The install went smoothly (CentOS 6.5) and everything looks good as far as all services are concerned (all started with green tick next to service name). There are some stats displayed on the dashboard: 4/4 datanodes are live, 1/1 Nodemanages live & 1/1 Supervisors are live. I can write files to HDFS so its looks like it's a Ganglia issue?

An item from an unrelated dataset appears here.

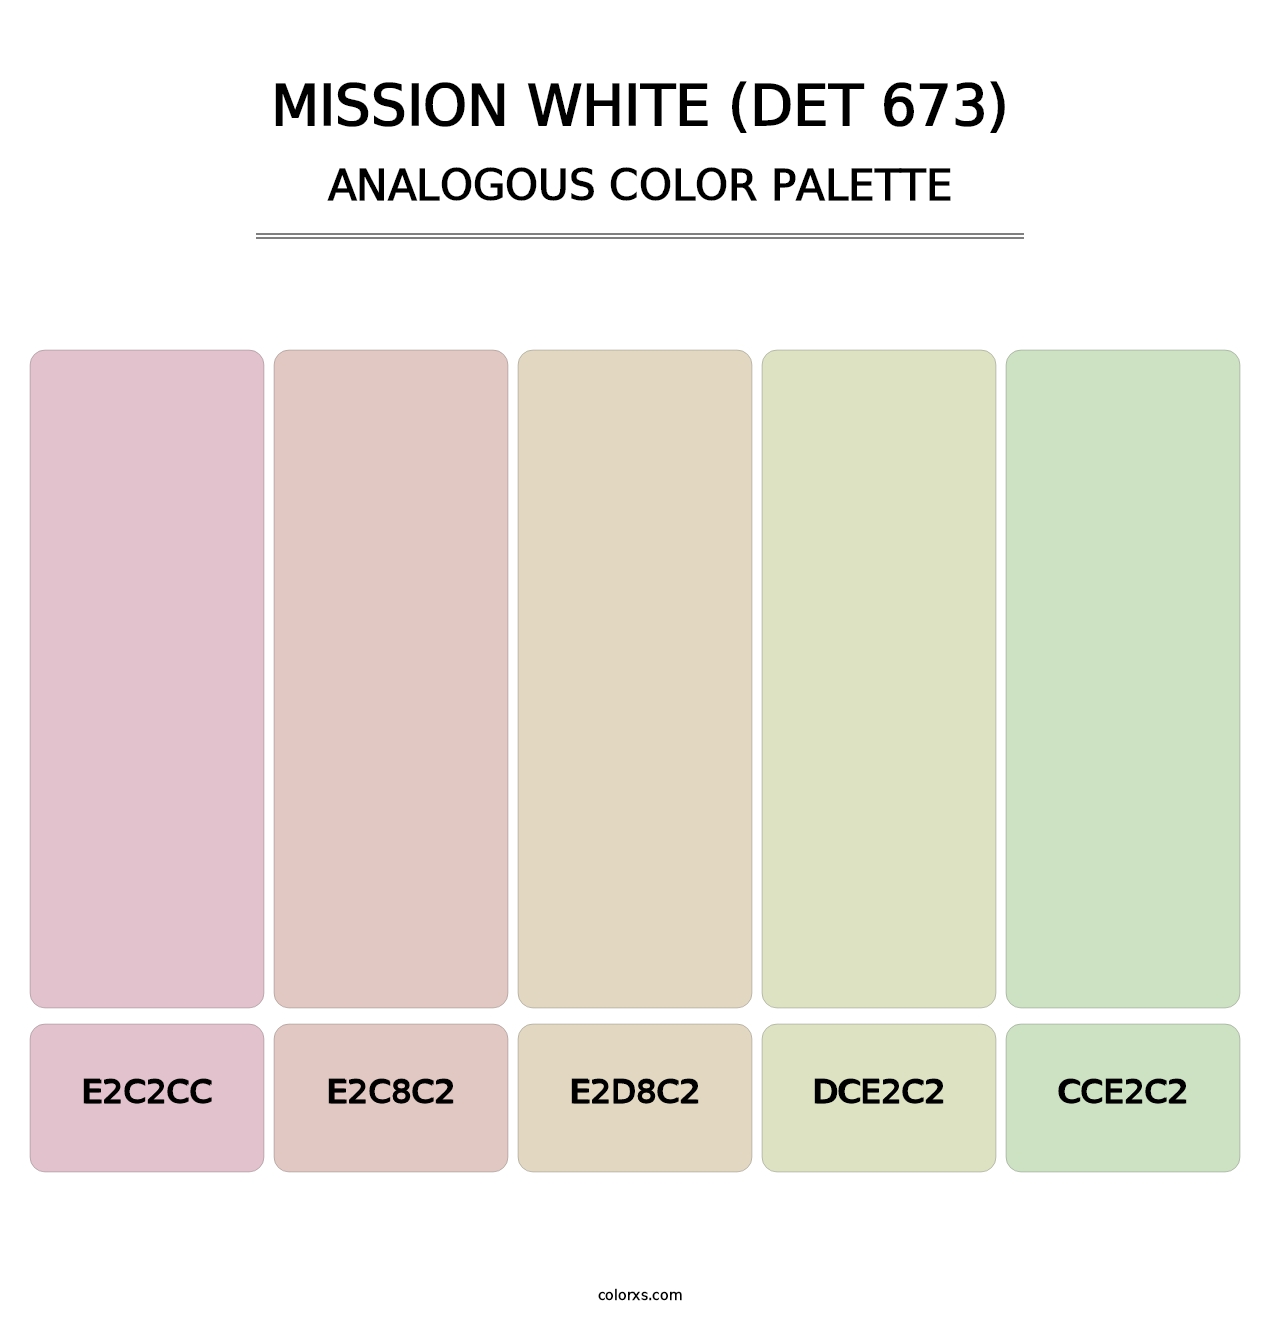 Mission White (DET 673) - Analogous Color Palette

The Ganglia daemon seems to be working ok:
ps -ef | grep gmond
nobody 1720 1 0 12:54 ? 00:00:44 /usr/sbin/gmond --conf=/etc/ganglia/hdp/HDPHistoryServer/gmond.core.conf --pid-file=/var/run/ganglia/hdp/HDPHistoryServer/
nobody 1753 1 0 12:54 ? 00:00:44 /usr/sbin/gmond --conf=/etc/ganglia/hdp/HDPFlumeServer/gmond.core.conf --pid-file=/var/run/ganglia/hdp/HDPFlumeServer/
nobody 1790 1 0 12:54 ? 00:00:48 /usr/sbin/gmond --conf=/etc/ganglia/hdp/HDPHBaseMaster/gmond.core.conf --pid-file=/var/run/ganglia/hdp/HDPHBaseMaster/
nobody 1821 1 1 12:54 ? 00:00:57 /usr/sbin/gmond --conf=/etc/ganglia/hdp/HDPKafka/gmond.core.conf --pid-file=/var/run/ganglia/hdp/HDPKafka/
nobody 1850 1 0 12:54 ? 00:00:44 /usr/sbin/gmond --conf=/etc/ganglia/hdp/HDPSupervisor/gmond.core.conf --pid-file=/var/run/ganglia/hdp/HDPSupervisor/
nobody 1879 1 0 12:54 ? 00:00:45 /usr/sbin/gmond --conf=/etc/ganglia/hdp/HDPSlaves/gmond.core.conf --pid-file=/var/run/ganglia/hdp/HDPSlaves/
nobody 1909 1 0 12:54 ? 00:00:48 /usr/sbin/gmond --conf=/etc/ganglia/hdp/HDPResourceManager/gmond.core.conf --pid-file=/var/run/ganglia/hdp/HDPResourceManager/
nobody 1938 1 0 12:54 ? 00:00:50 /usr/sbin/gmond --conf=/etc/ganglia/hdp/HDPNameNode/gmond.core.conf --pid-file=/var/run/ganglia/hdp/HDPNameNode/
nobody 1967 1 0 12:54 ? 00:00:47 /usr/sbin/gmond --conf=/etc/ganglia/hdp/HDPNodeManager/gmond.core.conf --pid-file=/var/run/ganglia/hdp/HDPNodeManager/
nobody 1996 1 0 12:54 ? 00:00:44 /usr/sbin/gmond --conf=/etc/ganglia/hdp/HDPNimbus/gmond.core.conf --pid-file=/var/run/ganglia/hdp/HDPNimbus/
nobody 2028 1 1 12:54 ? 00:00:58 /usr/sbin/gmond --conf=/etc/ganglia/hdp/HDPDataNode/gmond.core.conf --pid-file=/var/run/ganglia/hdp/HDPDataNode/
nobody 2057 1 0 12:54 ? 00:00:51 /usr/sbin/gmond --conf=/etc/ganglia/hdp/HDPHBaseRegionServer/gmond.core.conf --pid-file=/var/run/ganglia/hdp/HDPHBaseRegionServer/
I have checked the Ganglia service on each node, the processes are running as expected
ps -ef | grep gmetad
nobody 2807 1 2 12:55 ? 00:01:59 /usr/sbin/gmetad --conf=/etc/ganglia/hdp/gmetad.conf --pid-file=/var/run/ganglia/hdp/
I have tried restarting Ganglia services with no luck, restarted all services but still the same. Does anyone have any ideas how I get the dashboard to work properly? Thank you.
It turns out to be a proxy issue, to access the internet I had to add my proxy details to the file /var/lib/ambari-server/
export AMBARI_JVM_ARGS=$AMBARI_JVM_ARGS' -Xms512m -Xmx2048m -Dhttp.proxyHost=theproxy -Dhttp.proxyPort=80'
When ganglia was trying to access each node in the cluster the request was going via the proxy and never resolving, to overcome the issue I added my nodes to the exclude list (add the flag -Dhttp.nonProxyHosts) like so:
export AMBARI_JVM_ARGS=$AMBARI_JVM_ARGS' -Xms512m -Xmx2048m -Dhttp.proxyHost=theproxy -Dhttp.proxyPort=80 -Dhttp.nonProxyHosts="localhost|node1.dms|node2.dms|node3.dms|etc"'
After adding the exclude list the stats were retrieved as expected!